SpeedyMurmurs: applying friend-to-friend routing to payments

In a previous post, I discussed SilentWhispers – a routing algorithm for credit networks. Today I’ll dive into a follow-up paper by a partially intersecting group of authors, entitled “Settling payments fast and private: decentralized routing for path-based transactions”, which presents a routing algorithm called SpeedyMurmurs.

Routing, revisited

The SilentWhispers paper (2016) was mostly dealing with credit networks (and was itself a continuation of the work of some of the co-authors on this subject). The introduction of the SpeedyMurmurs paper (2017) sets up the stage in the blockchain world. The authors introduce the notion of path-based transaction (PBT) network, which unifies credit networks such as Ripple and Stellar with L2 solutions on top of open blockchains (Lightning, Raiden). They then define the three mechanisms that comprise a PBT network:

routing;
payment;
accountability.

In all PBT networks, payments are executed in an atomic series of elementary operations. Credit networks use a (somewhat) centralized entity for ensuring atomicity (even “real-world” courts maybe). Lightning and Raiden rely on the base layer. The problem of routing, however, is orthogonal to the implementation of enforcement, so it makes sense to unify the credit-like networks under an umbrella term PBT.

Speaking of the routing mechanism specifically, the authors list four dimensions to measure how well it performs:

effectiveness (share of successfully completed transactions);
efficiency (delays and overhead);
scalability (how the system responds to the growth of the number of nodes, links, and transactions).

On top of that, the authors argue that routing must not compromise users’ privacy.
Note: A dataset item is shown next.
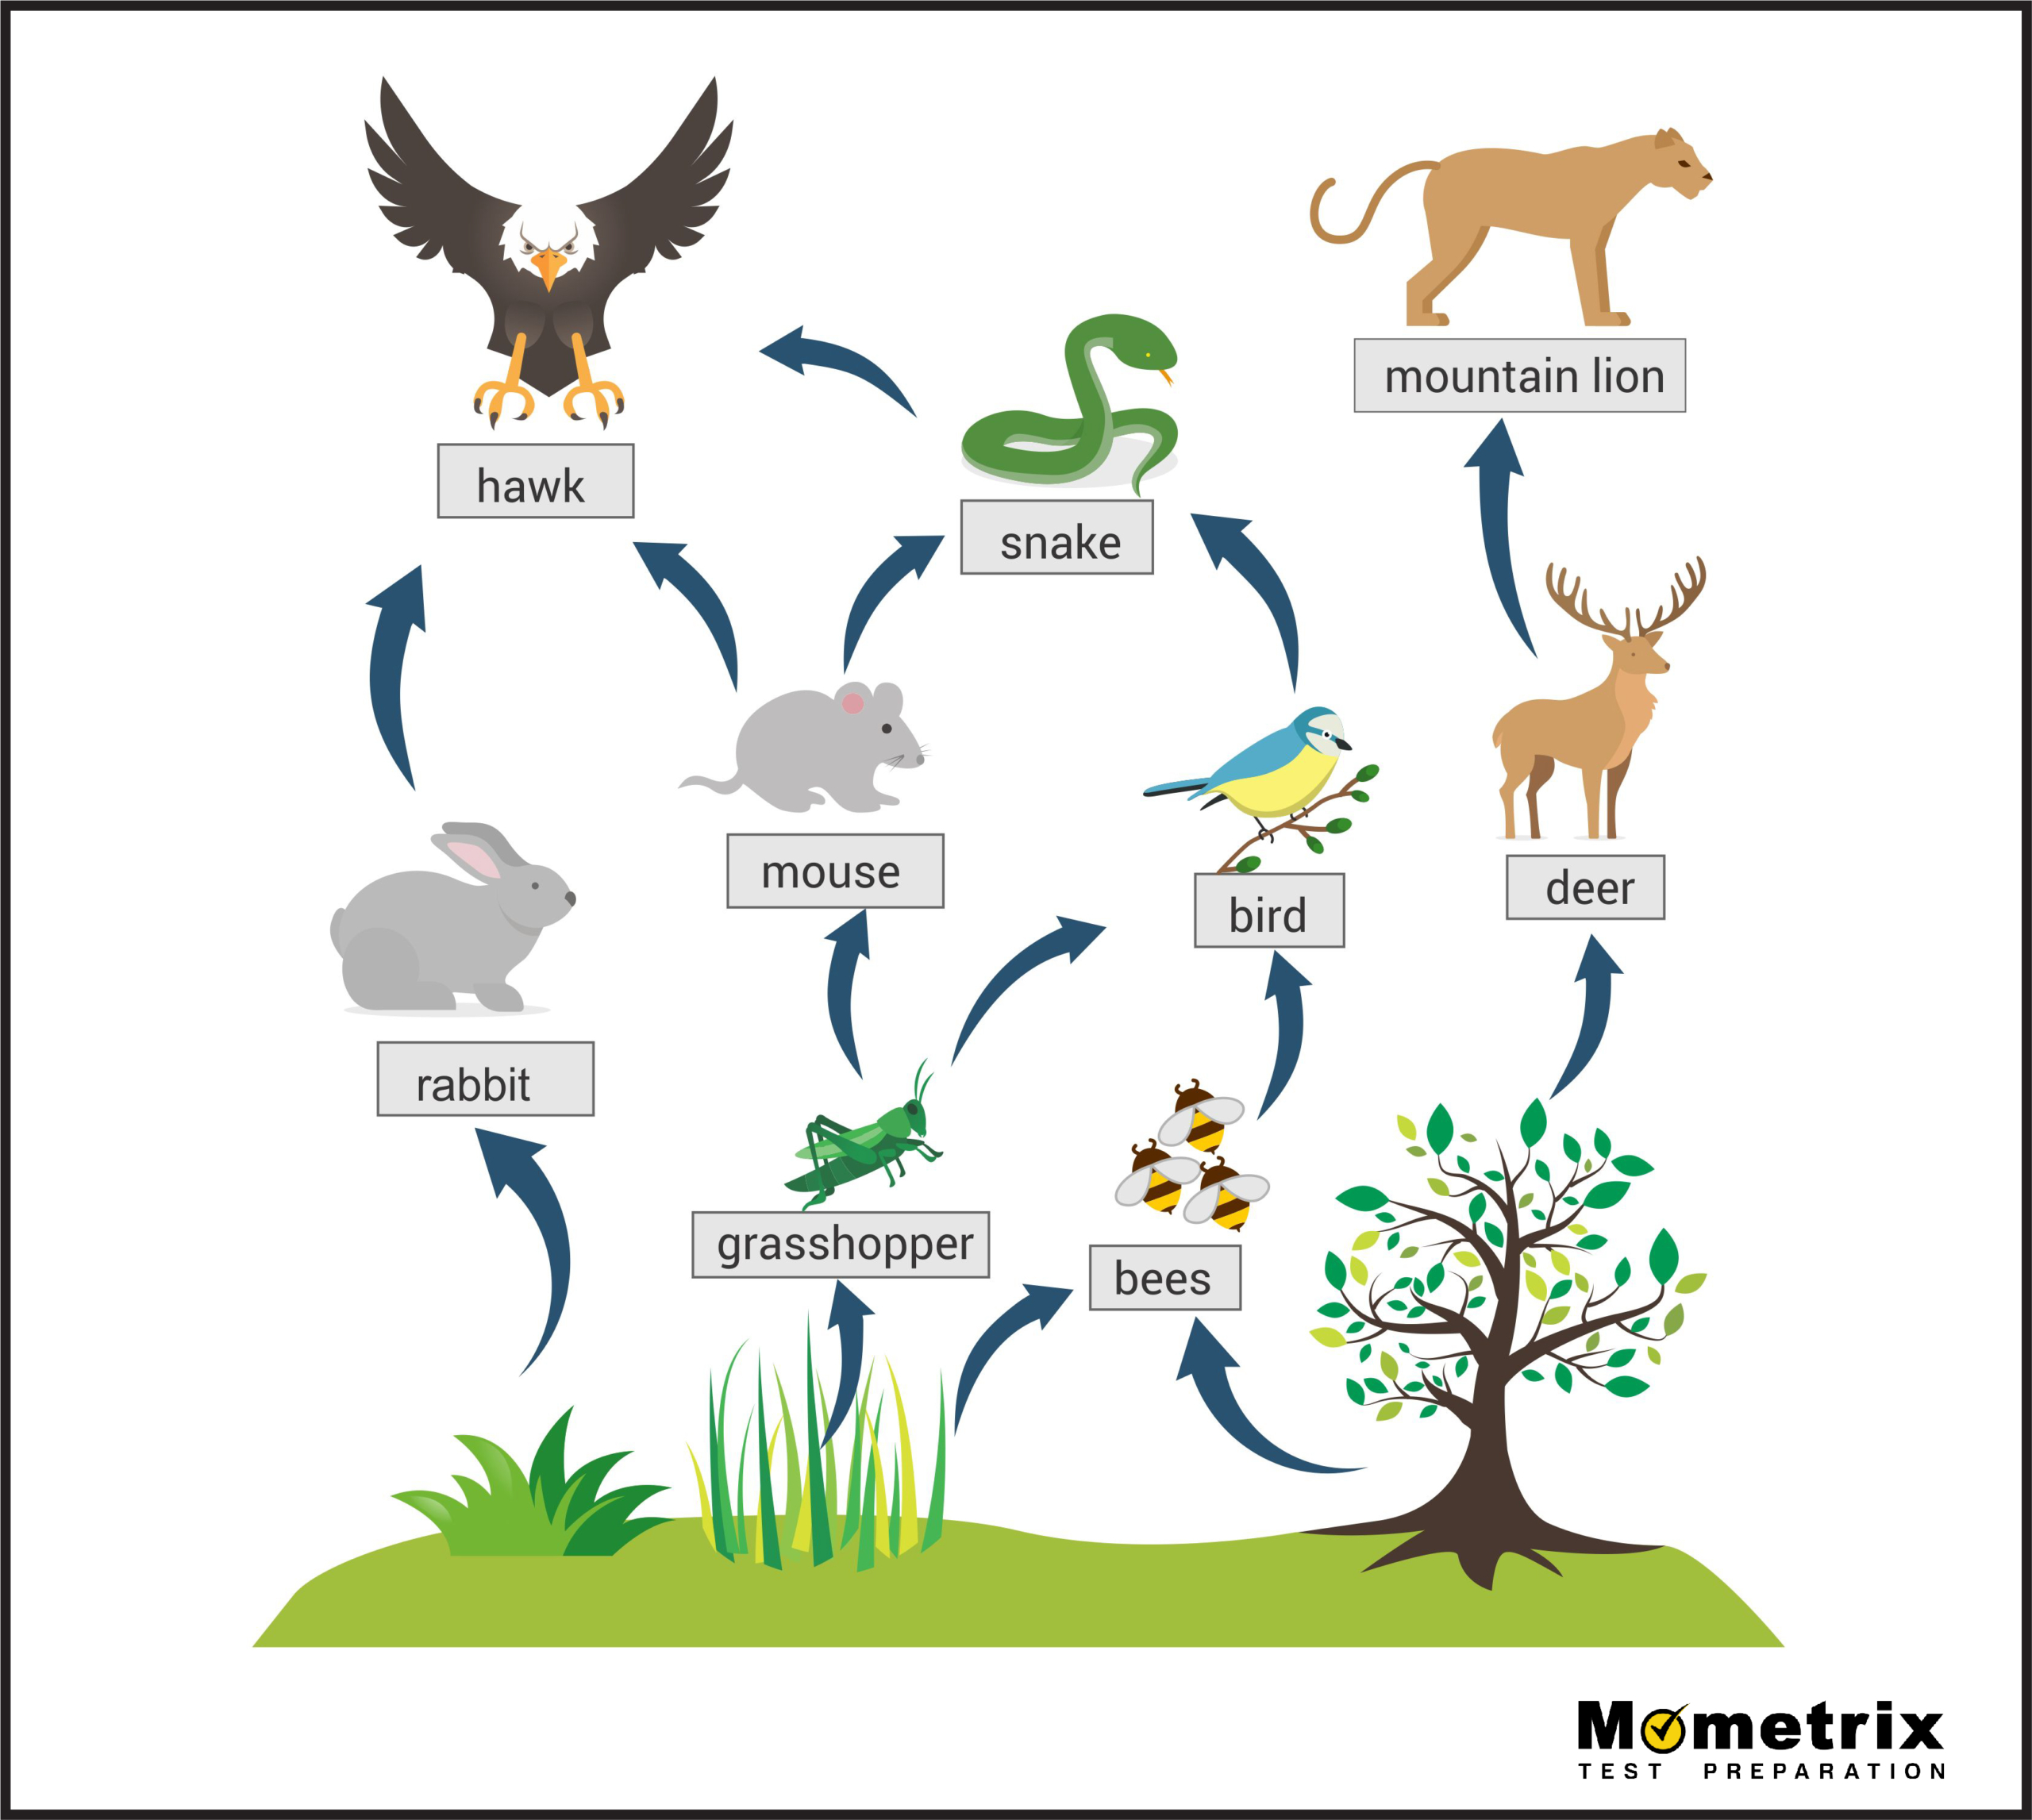 <p>What are the secondary consumers in this food web?</p>

Ripple and Stellar base routing decisions based on the information stored in a public blockchain. A number of obviously centralized approaches are mentioned as well, but these are not interesting (with a trusted third party we can do anything). A more noteworthy proposal, which I haven’t heard of before, is Flare – a 2016 BitFury-designed routing proposal for Lightning which didn’t eventually go into production (though it does go into my reading list).

SilentWhispers, as the authors modestly note, is

the most promising approach in regard to privacy

Let me just briefly remind you the key ideas:

a number of well-known, highly-connected nodes called landmarks periodically run a breadth-first search and create a spanning tree over all nodes;
payments are routed via a landmark;
landmarks calculate path capacities using a multi-party computation, which conceals individual nodes and their link capacities;
if the path capacity via the first landmark is low, the sender tries another one.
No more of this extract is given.